Hüzni Baba 17 Ocak 1936 tarihinde Yozgat’ta hayata gözlerini yummuş. Vasiyeti üzerine Çamlığın alt kısmındaki Halit Efendi Bağının yakınındaki mezarlığa defnedilmiştir.

Eserleri olarak I. ve II. Divan ve Şiir defteri mevcuttur. Fakat oğlu Fahrettin Öncül’ün açıklamasına göre “Çapanoğlu camisinde çok daha fazla eserleri varmış, öldükten sonra yakınları tarafından bu eserler hatıra olarak bizde kalsın diyerek” bu tarihi eserler alınmış ve şuan nerede oldukları ne yazık ki bilinmiyormuş, çoğu da kaybolmuş.

Zaten bir şiirinde;

Ola bunca emekler çektiğim

Eserimdir gözyaşlarım döktüğüm

Matba’aya verme zinhar eserim

Bilmez onlar kıymetini püserim.

Sanki eserlerinin geleceğini bilerek bu satırları kaleme almış.

Gerçekten şuan tarihimizin ve değerlerimizin kıymetini bilmiyoruz. Böyle büyük şair ve yazarlarımızın eserlerini okuyup anlamaya çalışmalıyız, dersler çıkarmalıyız. O kadar güzel şiirleri var ki Hüzni Baba’nın.

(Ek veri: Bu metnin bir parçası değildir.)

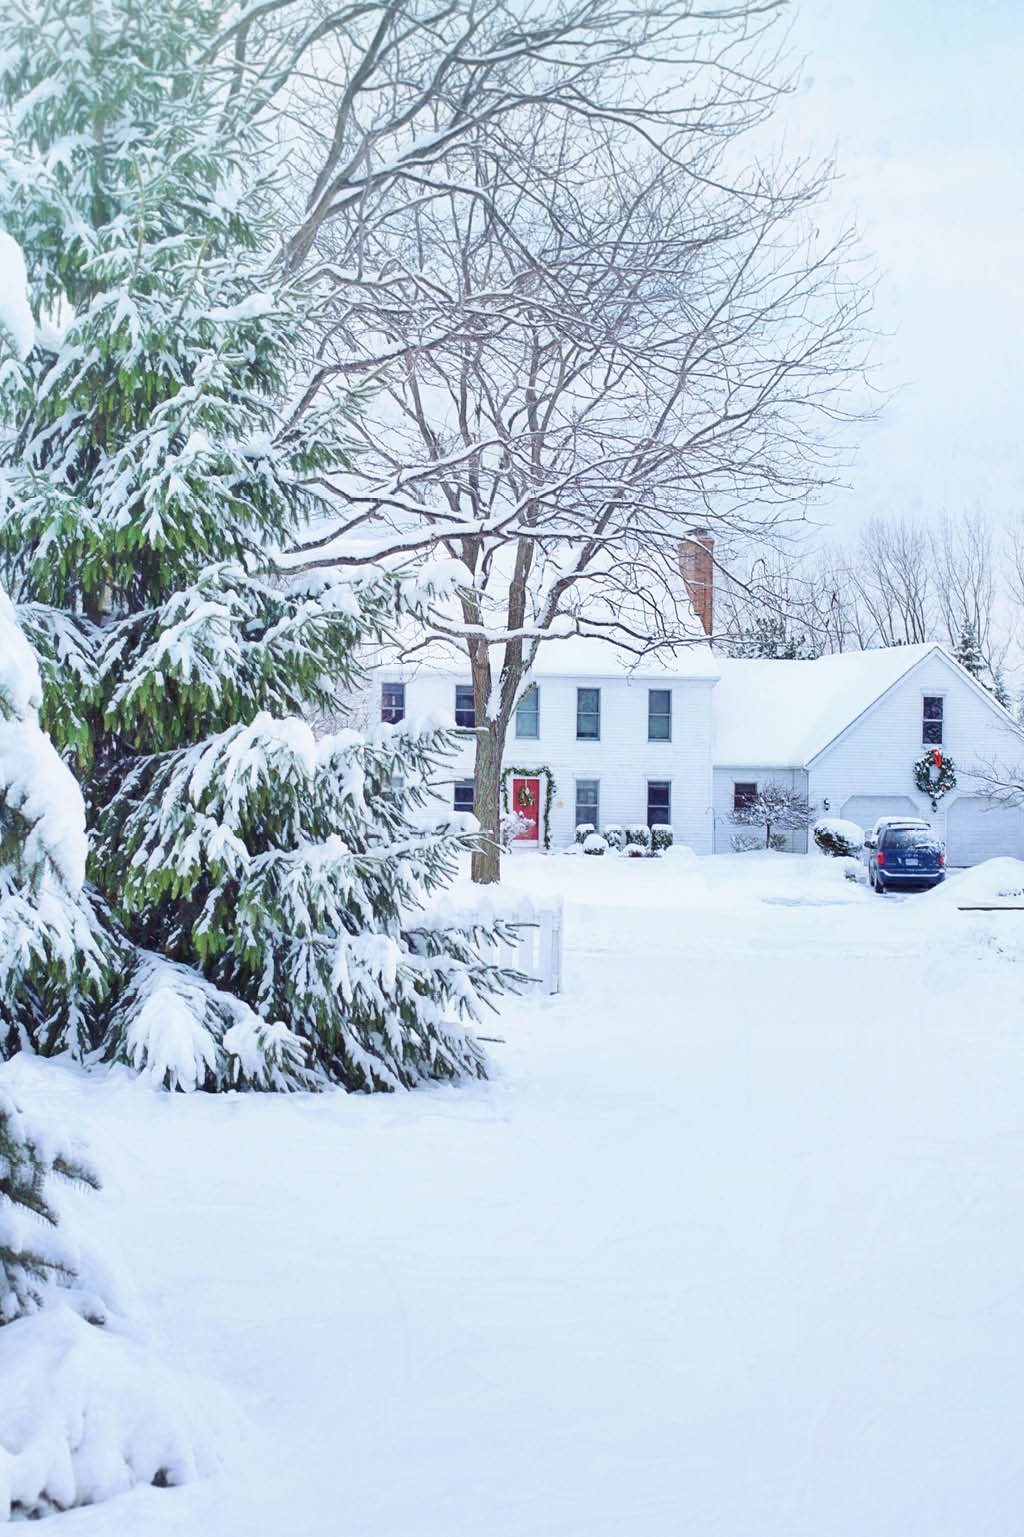 Snowy scene outside residential home

Satırlarıma son verirken Hüzni babanın mısraları ile veda etmek istiyorum.

Beka Mülke gider oldum

Yarenlere selam olsun

Dünyayı terk eder oldum

Kalanlara selam olsun

Eynime çekip bezimi

Aşağı çöküp dizimi

Çöküp yumup hem gözümü

Yumanlara selam olsun…

Lütfen Öcal hocanın yazdığı “Yozgatlı Hüzni divanlarından seçmeler” adlı kitabını alın ve şiirlerini sesli sesli okuyun, âleminizin değiştiğini göreceksiniz.